Equity and credit markets gave last week’s results the
benefit of the doubt on Monday, taking at face value the finding
that only seven out of 91 banks failed a test of whether they
could withstand another severe economic downturn.

More easily available bank funding would be a good result
for politicians, under fire for their role in a crisis that left
only the strongest banks able to fund themselves directly in the
bond market. [ID:nLDE60Q278]

Other banks — especially those in the weaker euro zone
economies — have increasingly relied on the European Central
Bank, which has a number of funding programmes in place.

Spanish and Portuguese banks borrowed a record 136 billion
euros and 40 billion euros respectively from the ECB in June.
[ID:nLDE66C1RA] [ID:nLDE66K16I]

Since the onset of the sovereign debt crisis this year, only
the top tier of European banks enjoy an unlimited abilty to fund
themselves directly via the bond markets, with the second tier’s
access intermittent, and the third tier shut out.
[ID:nLDE60Q278]

Egan said it it would be a day or so before it would be
clear whether investors are ready to fund the second tier of
banks.

“Does that mean now we no longer have a three-tier market
for financial issuers? Unfortunately no, at least for the time
being,” said Robert Ellison, deputy head of the financial
institutions group, debt capital markets at UBS.
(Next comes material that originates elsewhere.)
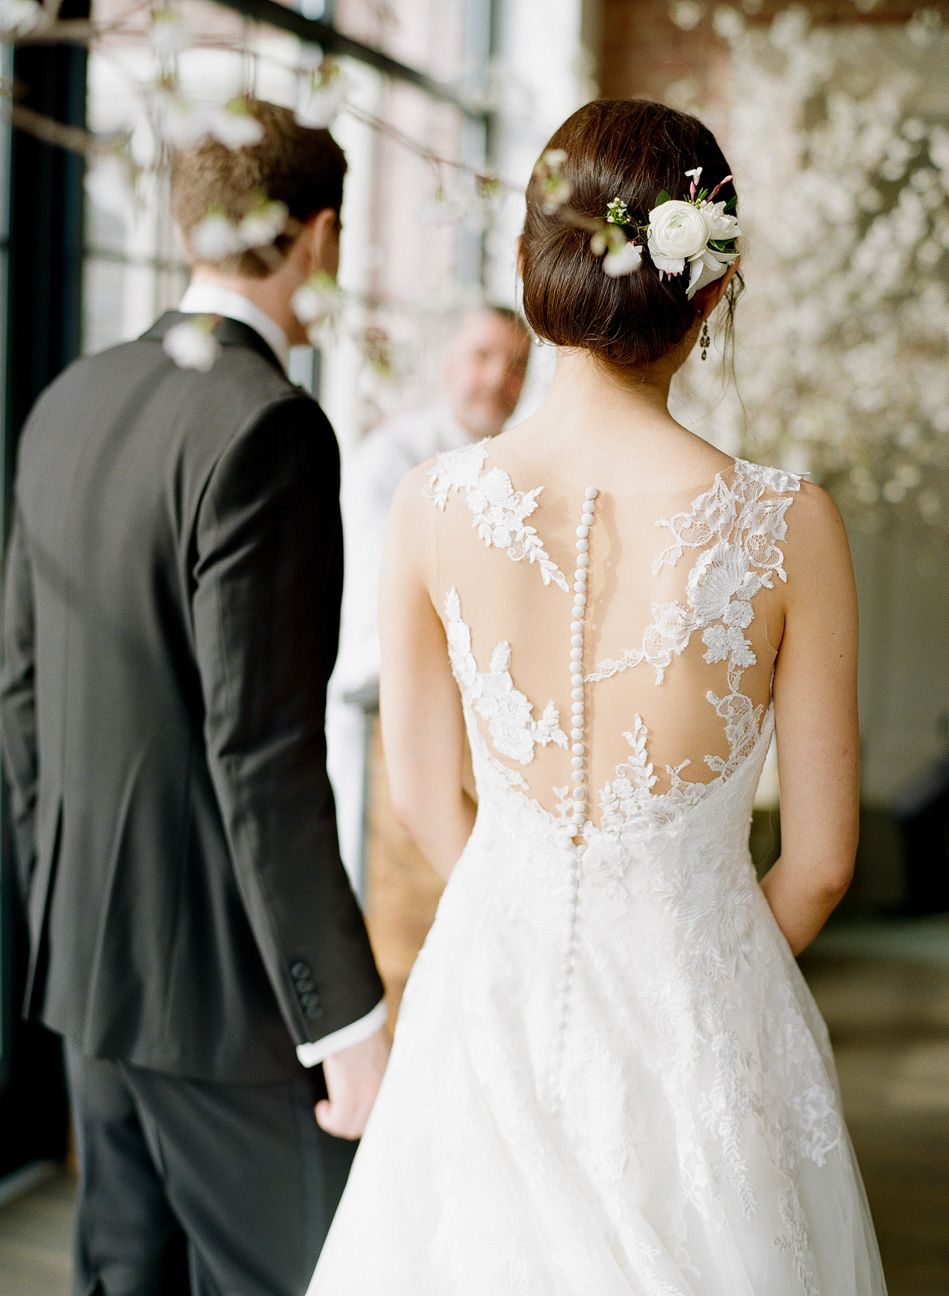 KarenHillPhotography-Zhu-Wedding-0460.jpg

Europe found fewer banks failed than markets had expected in
the eagerly awaited stress tests [ID:nNN2516007] and only 3.5
billion euros ($4.52 billion) in equity needed to be raised,
though a much larger group scraped past narrowly.

The Markit iTraxx credit indices had already rallied
significantly heading into the tests, and the European senior
financials index tightened by a further 5 basis points to 126
bps on Monday indicating a diminishing fear of default. It stood
at 164 bps at the start of the month.

“Whether or not we agree with the methodology of the
exercise at least there is a lot more disclosure about the banks
now,” said UBS’s Ellison.

OPEN THE VAULTS

The assessments by Europe’s regulators could ease a severe
system blockage — matching large piles of investor cash with
banks’ need to refinance 3.3 trillion euros of senior debt, half
of it due in 2010-2012, according to Morgan Stanley estimates.
^^^^^^^^^^^^^^^^^^^^^^^^^^^^^^^^^^^^^^^^^^^^^^^^^^^^^^^^^^^^^^^^^^ Take a look at stress test stories [ID:nNN2516007]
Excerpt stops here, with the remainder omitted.